Hi there, I’m Christin! I’m honored to write a guest post for the IBC Network Foundation.

Christin, 34 years old, diagnosed with Stage 4 Inflammatory Breast
Cancer.
In early 2015, at 34 years old, I was diagnosed with Stage 4 Inflammatory Breast Cancer. I have twin daughters, who were not yet three, and I had given birth to my son just five months prior. Like so many sisters before me, I was misdiagnosed with mastitis, despite a family history of breast cancer. It took four rounds of antibiotics (Four Rounds!) before I had the common sense courage to get another opinion.
I spent the rest of the year in treatment. I received eight months of chemotherapy, two hours from my home. Then traveled 2,000 miles to Houston for my double mastectomy and twice daily radiation. I’m luckier than most. My parents live in Spokane, where I had chemo, and had plenty of room for the kids and me. I had help when I needed it, a personal chef…it was almost like a retreat.
Ok. Not quite.
I missed my husband. I missed our home. Just two months before my diagnosis, my husband and I had picked out and purchased our first house together. I wanted to be in Moses Lake, cooking and painting and decorating and DIYing…
I met Terry Arnold, founder of the IBC Network Foundation, last fall while I was in Houston for treatment at MD Anderson. We discussed a little project I was doing, Sock in the City, to keep connected with my kids during the months that I was away for radiation. I began to see that I could use my story to help other young moms going through cancer treatment. That if I told my story just right, I might be able to ease someone’s fear…bring them a smile, a laugh…hope that there is still plenty of wonderful in the world.

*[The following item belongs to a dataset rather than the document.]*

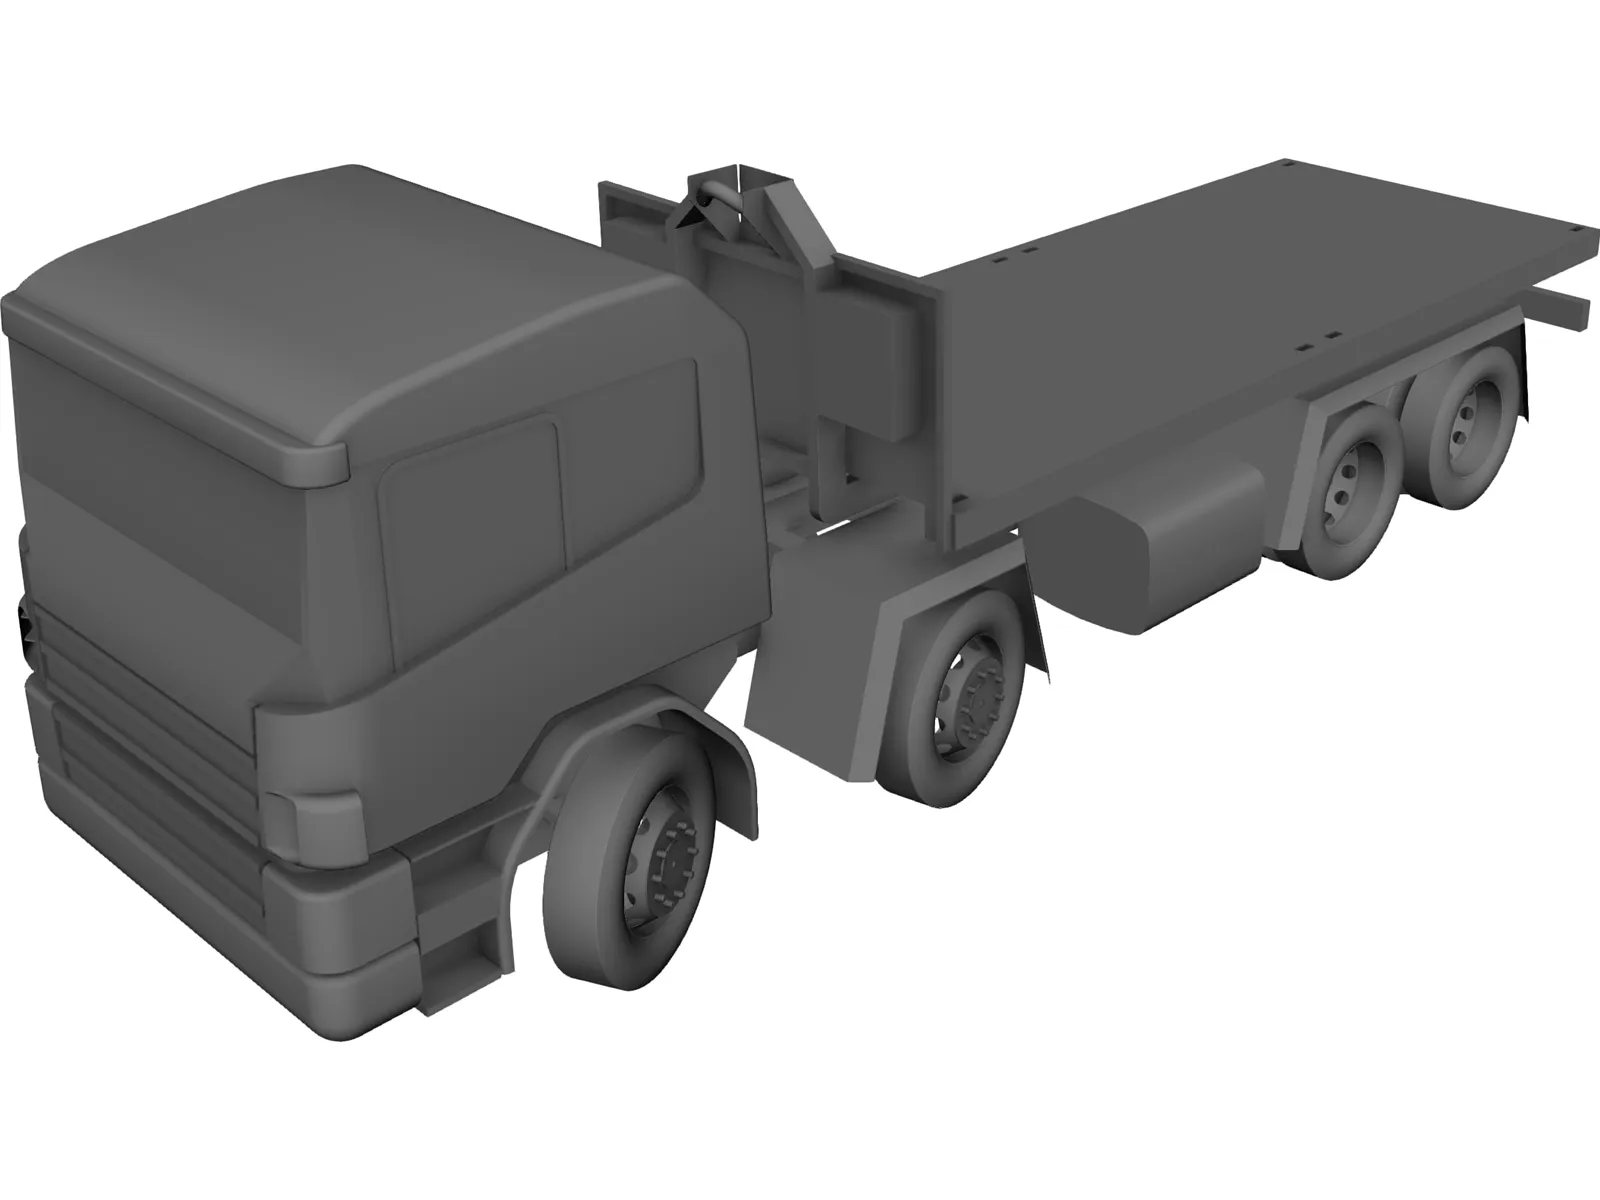 Scania 124 Military Protected 3D Model

In January of 2016, I came home for good.
With radiation a little further in the rear view mirror, each day I feel less like I am recovering, more like I am living. Jason and I discovered we enjoy working on projects together. It helps us feel like we are moving forward. It brings us joy. We also love making memories for our little brood, now 4 and 2 years old. From this, our blog, pinkdoorhouse.com was born. It’s our place to share our latest DIY projects, the messy business of parenting three small children, and open up about the fear and hope that come with surviving cancer. I tell my story because my cancer diagnosis is not my final chapter.
Cheers!
Christin

Christin, with her family, looking forward to happy times ahead.